It's probably best to use the r0-r12,sp,lr,pc naming scheme as that is what the ARM documentation uses. The trick is to pick one scheme and stick to it. sp is a mnemonic for "stack pointer" and points to, you guessed it, the stack. lr means "link register" and is used as the return address for function calls. pc is the program counter and is the address of the current instruction (i.e. where we are in the program).

The stack is an area of RAM. Initially it points to the end of the RAM area and grows downwards as programs allocate memory (on the stack). When writing assembler I find it's not that usual to use the stack - generally I only use it for storing register values that I may need later, such as the lr when calling functions recursively.

Code set up

Remember how gcc spat out a .s file? Well, that means "pure assembler code". The common way to store ARM code is in a file ending in ".S". This is interpreted by gcc as a source file containing assembler and pre-processor directives. So here we can use #defines and #includes if we really need to. It also distinguishes hand coded assembler files from any --save-temps left-overs.

Lets try writing our my_function in assembler. First I fire up an $EDITOR and write out the preamble to my_function.S. Now lets think about what we want. This function has the following C prototype:

int my_function(int, int);

So that means it accepts 2 input values and returns a value. The input values in ARM are in the first 4 registers - any more than 4 inputs are stored on the stack. The original function wanted an addition if x was less than y, else it subtracted y from x. Here's my final code to do this:


	.text
	.align  2
	.global my_function
	.type   my_function, %function
my_function:
	cmp	r0, r1
	addlt	r0, r0, r1
	subge	r0, r0, r1
	bx	lr

The header is as we saw before. The my_function label is the start of the function. The r0 and r1 registers contain the input values.

The cmp instruction means "compare r0 to r1 and set the flags accordingly"... now I don't really want to copy out the whole ARM assembler guide here, but suffice to say that this sets some flags based on the mathematical result of performing "r0 - r1". These tests are in the form of those "lt", "ge" that follow the end of the other instructions. This is one of the neat parts about ARM - every instruction is conditional!

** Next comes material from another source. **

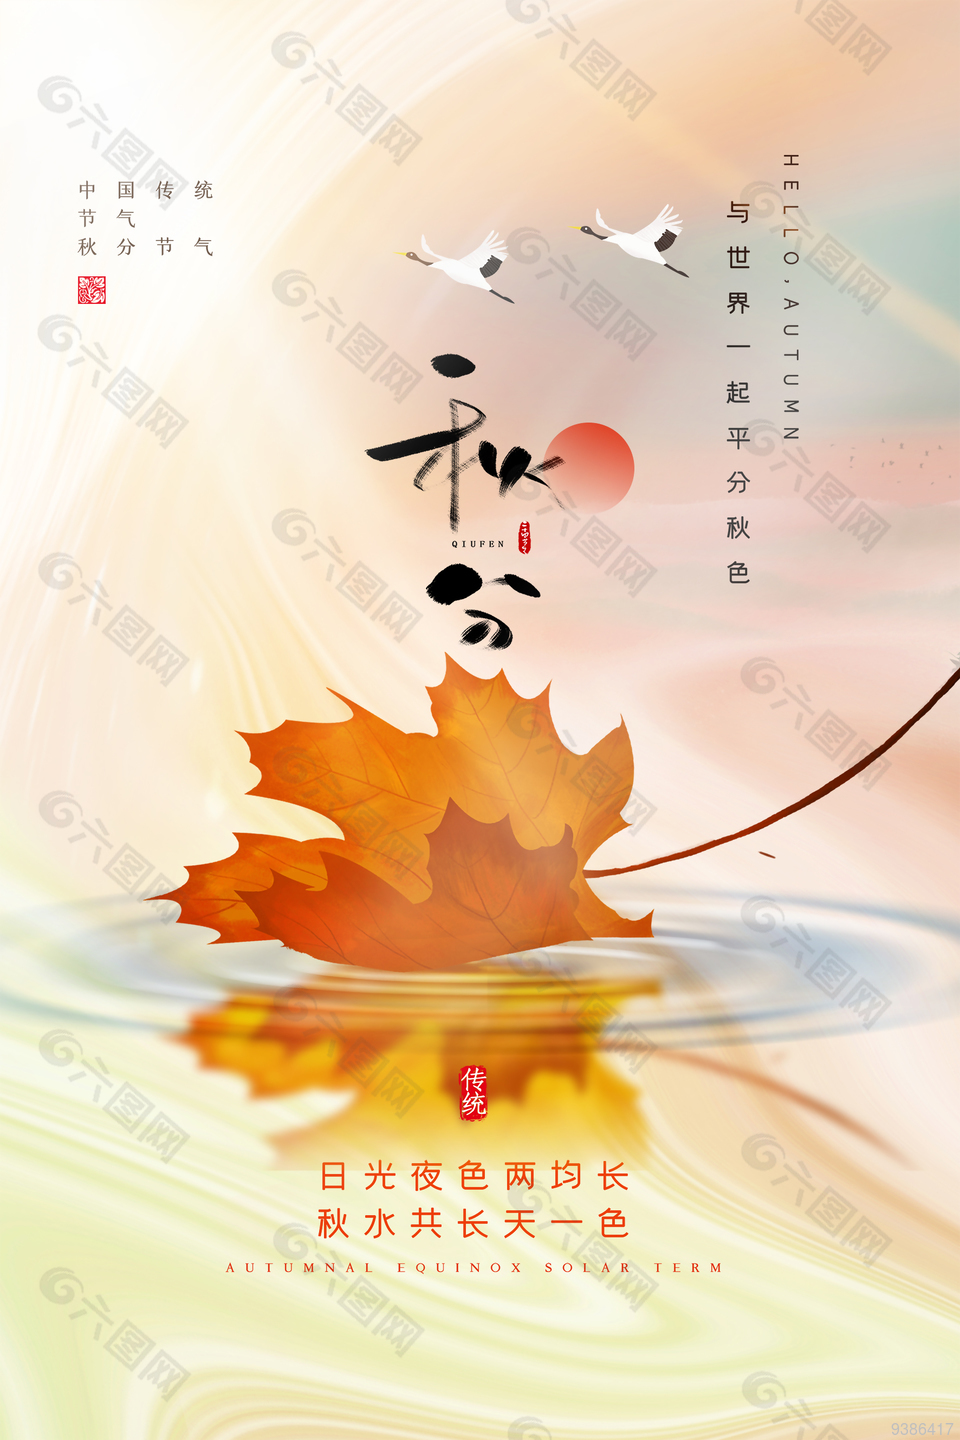 中国传统节气秋分24节气海报下载

The default condition is "al" for "always", but may be omitted for obvious reasons. We don't want to write al after every instruction, right? So here we say, if r0 is less than (lt) r1, then add r0 to r1 and store the result in r0. A normal add would just be "add", but here we write "addlt". This makes the processor skip over the instruction if the "less than" state is not set. It's important to note that conditional instructions like this still have some overhead, the processor still has to read the operation in some way, so if you have more than say 3 or 4 conditional instructions with the same condition, it may be faster to use a branch to skip the code completely.

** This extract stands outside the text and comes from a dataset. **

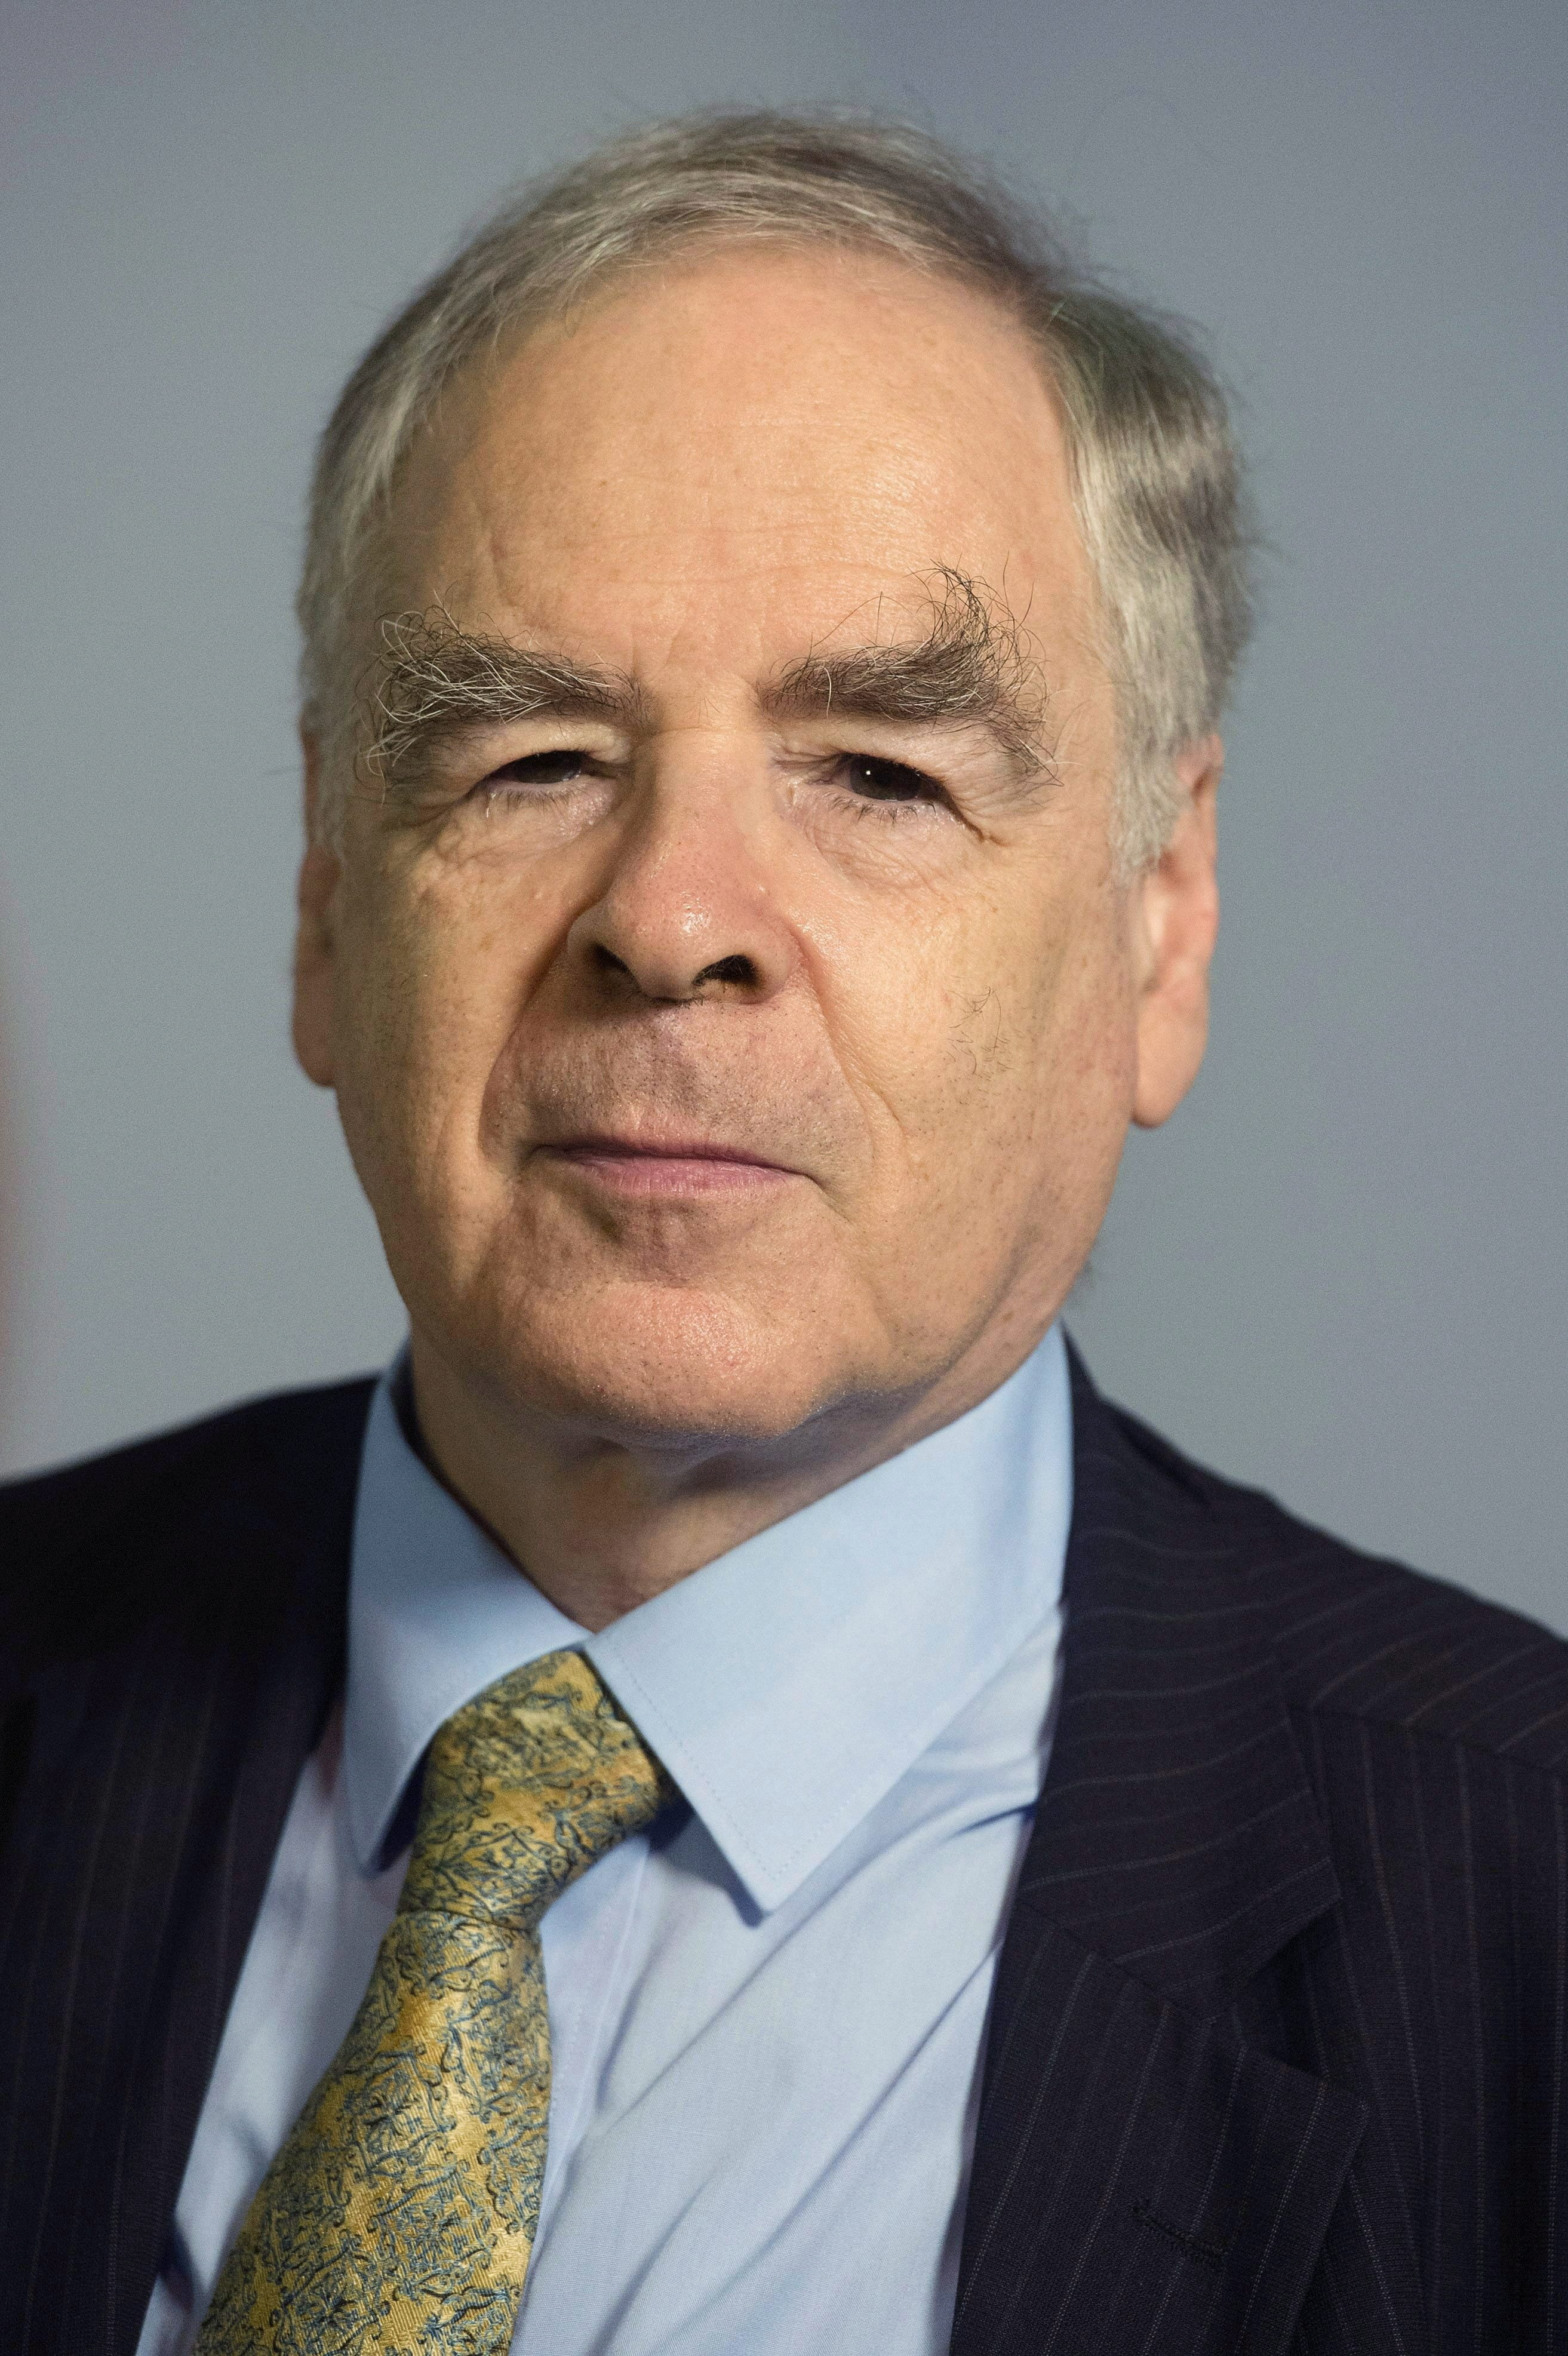 Elhunyt Schöpflin György korábbi fideszes EP-képviselő

If the result was greather than or equal (ge) then the subtraction is done and the result stored in r0, followed by a return. The bx instruction is used to return from a function - it means "branch to the address in the register lr". As you see, we use the link register to return to the calling code.

Finally, the result is always stored in r0 in this example. This is part of the ARM binary interface - results are returned in registers r0 and r1. This convention allows C and ARM code to interoperate sensibly. If you are returning to your own ARM function, then you can invent any convention you like - return values in r4, r7 and r11 if you want - but sticking to the "C way" means that you can use the function from C later, if that becomes necessary.

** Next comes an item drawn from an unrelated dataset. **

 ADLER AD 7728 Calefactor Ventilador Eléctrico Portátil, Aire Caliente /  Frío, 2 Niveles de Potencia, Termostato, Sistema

You may have noticed that addition and subtraction seem to work "backwards" compared to C convention. Instead of reading left-to-right and the result being stored at the end, the result is actually stored in the first register given. This is fairly common in other flavours of assembler code too, and once you get used to it, it isn't so bad.

We can write a simple test program to run this code:

#include <nds.h>
#include <stdio.h>

int my_function(int x, int y);

int main(void) {
 consoleDemoInit();
 int x = 1;
 int y = 2;
 iprintf("my_function(%d, %d) returns %d\n", x, y, my_function(x, y));
 x = 100;
 y = 20;
 iprintf("my_function(%d, %d) returns %d\n", x, y, my_function(x, y));

 while(1) { swiWaitForVBlank(); }
 return 0;
}

This prints out the results on the DS screen. Nothing very exciting, but you can see that combining C and ARM assembler in a project is not as difficult as you first thought!

Tips and tricks

There are quite a few traps for the unwary - apart from the shift in thought process needed to code assembler, of course. The first of these is that loading a value into a register requires some thought. You can only load values with "mov" that are shifted 8 bit values - 0xff0, 0x1c00, but not 0x101, for example. There is a psuedo opcode to get around this easily - "ldr r1, =0x101" for example - but it may bite you if you didn't know this. The error would look like this "Error: invalid constant (101) after fixup", just in case you were wondering.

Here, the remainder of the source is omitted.